Jessa stilled her legs, paddling with her arms to keep herself afloat as she searched for the culprit. A light-blue mass swirled below her.
Oh shit.
Ghostly strands reached up, inches from her skin.
Jellies.
And not just any jellyfish — box jellyfish. Large, square bodies with tentacles trailing below. Lots of them. Some as long as ten feet. Each tentacle had as many as five thousand stinging cells. Each one capable of causing excruciating pain and even death.
Don’t panic.
She had to stay calm, keep her wits. Which would be easier if she didn’t know their venom was deadlier than a cobra’s. Her mouth went dry. She turned in a slow circle, her breath tightening with each new jelly she spotted. They pulsed through the water underneath her. A writhing, growing mass.

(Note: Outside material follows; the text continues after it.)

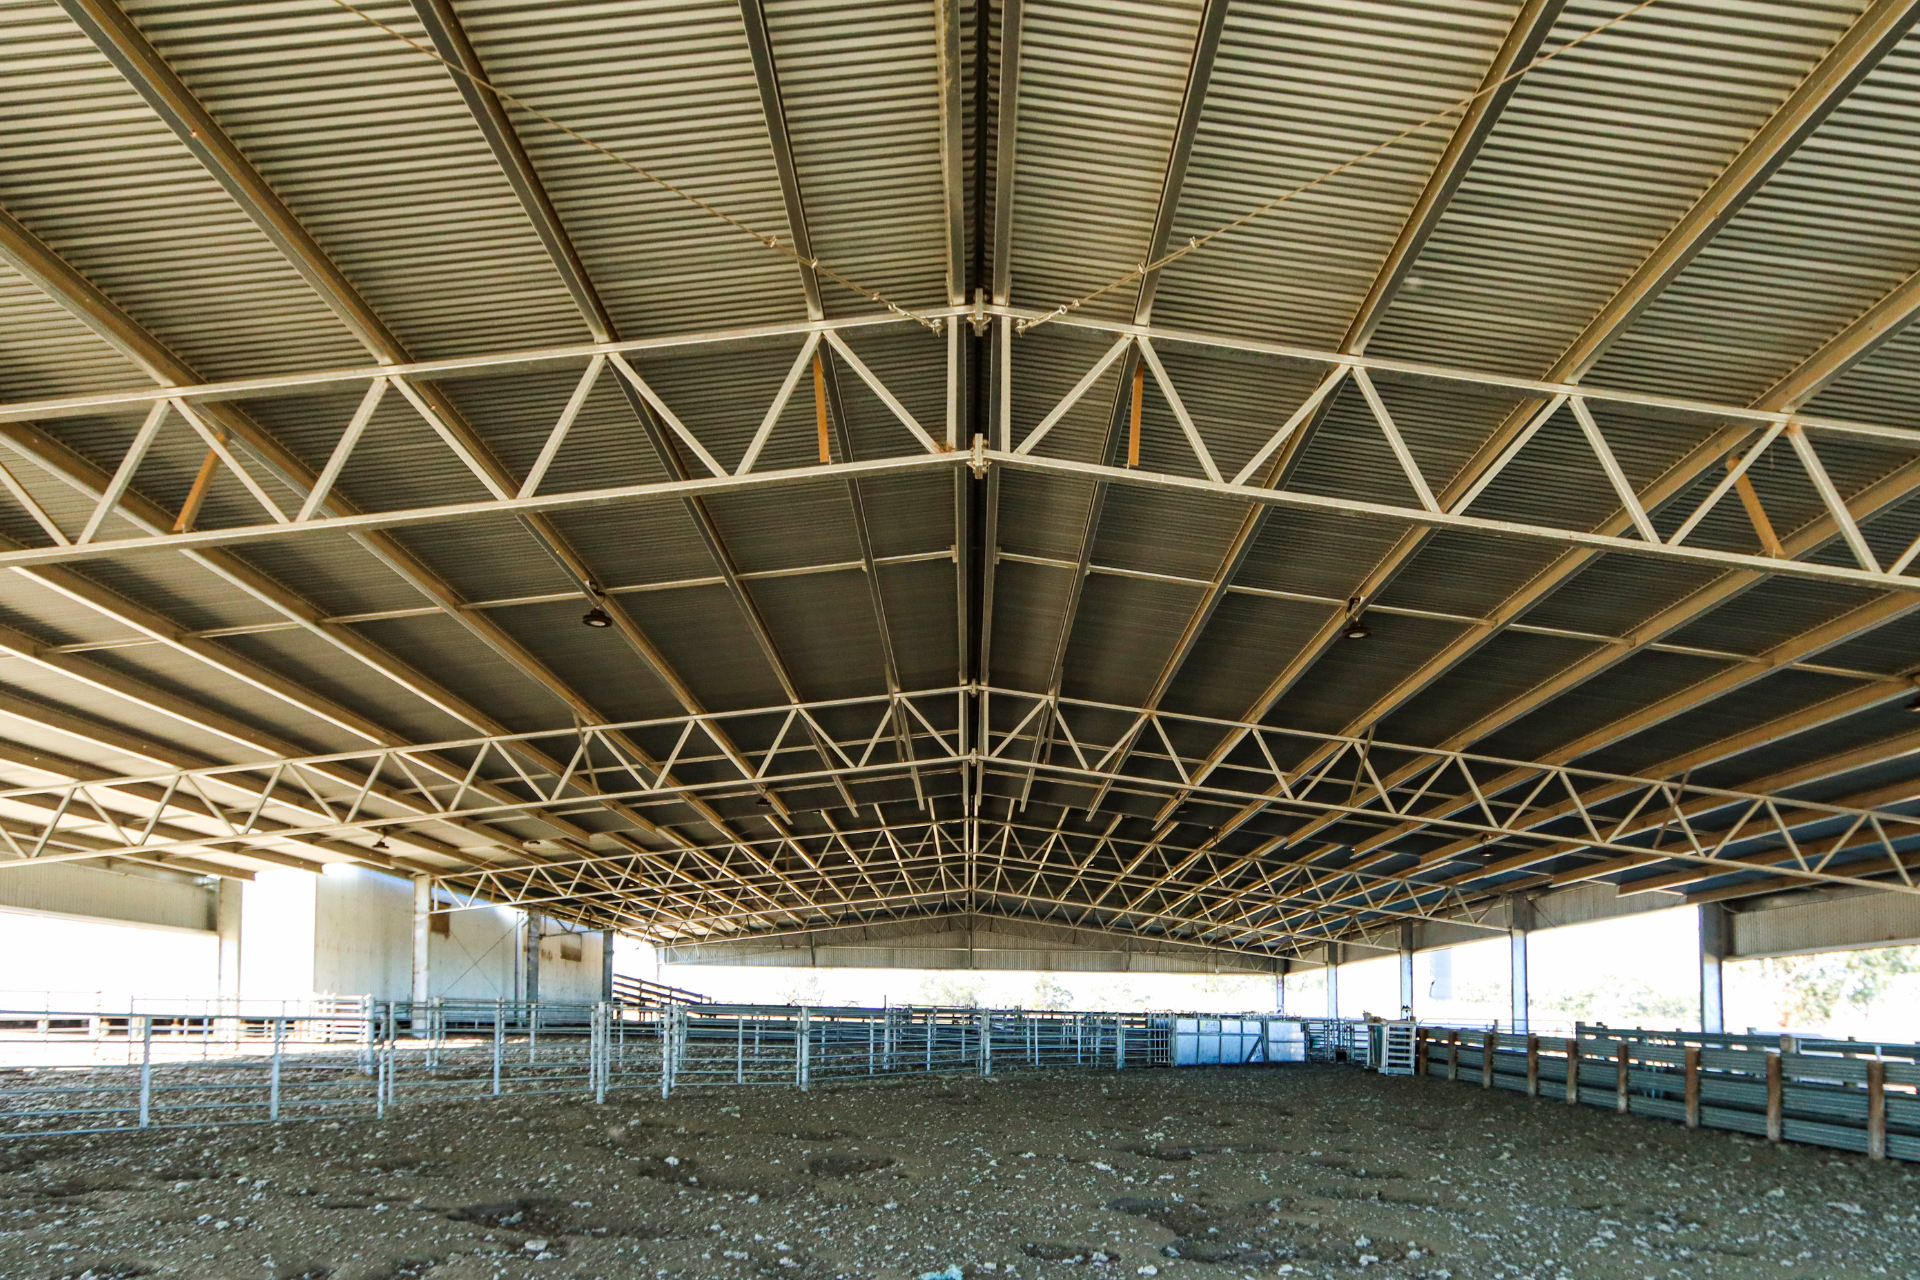 You are currently viewing 56m x 27m x 3.6m sheep yard cover

She shifted the direction of her strokes, pulling herself away from them. How many were there? And why were they out now? Box jellyfish were always in the ocean, but Hawaii’s jellyfish tended to come and go with the cycle of the moon. And they weren’t due for weeks, especially not here. She and Mark had dropped anchor off Kauai, nowhere near the beaches of Oahu where box jellyfish were usually spotted.
“Mark?” She called out, but there was no sign of him.
Must be below deck.
She judged the distance to the boat. Maybe fifty yards. It would be easier and faster if she could kick. But she didn’t want to accidentally make contact with the jellyfish. Even one sting could send her into cardiac arrest. Her mouth was so dry, she could hardly swallow. The world shrunk to nothing more than the distance between her and the boat. She treaded water using only her arms, her muscles protesting, tired from the laps she’d done.
Just get to the ladder.
If you get stung, you’ll find the vinegar and douse yourself.
Jessa kept swimming, trying not to move her legs, gliding over the still-growing mass of jellies. Her heart pounded and she struggled to keep herself from hyperventilating. Forty yards, thirty, twenty-five. This was taking forever.
A lightning bolt of pain shot up from her ankle, a radiating burning sting. “Shit.”
Fuck this.
She kicked off, powering toward the boat. Her ankle burning, her jaw clenched tight against the pain.
Another strike, this one on the other leg and higher near her thigh. Like a thousand wasps stinging at once. Sweat broke out on her forehead, and she gasped at the sudden shock of pain, then another struck. And another. Her body seized, her arms freezing in place as the jellyfish wrapped themselves around her. Delicate strands weaving bands of fire across her body. Her heart thundered. The sear of agony blotting out the rest of the world, until it was the one true certain thing left.
Not the only thing.
“Mark!” Jessa forced out the word as her head slipped under the water, a sharp pain slicing her chest. She willed herself to push toward the surface, not to breathe in the saltwater around her. Except it wasn’t water. The jellyfish were everywhere.
A few feet below the surface, she opened her mouth and screamed.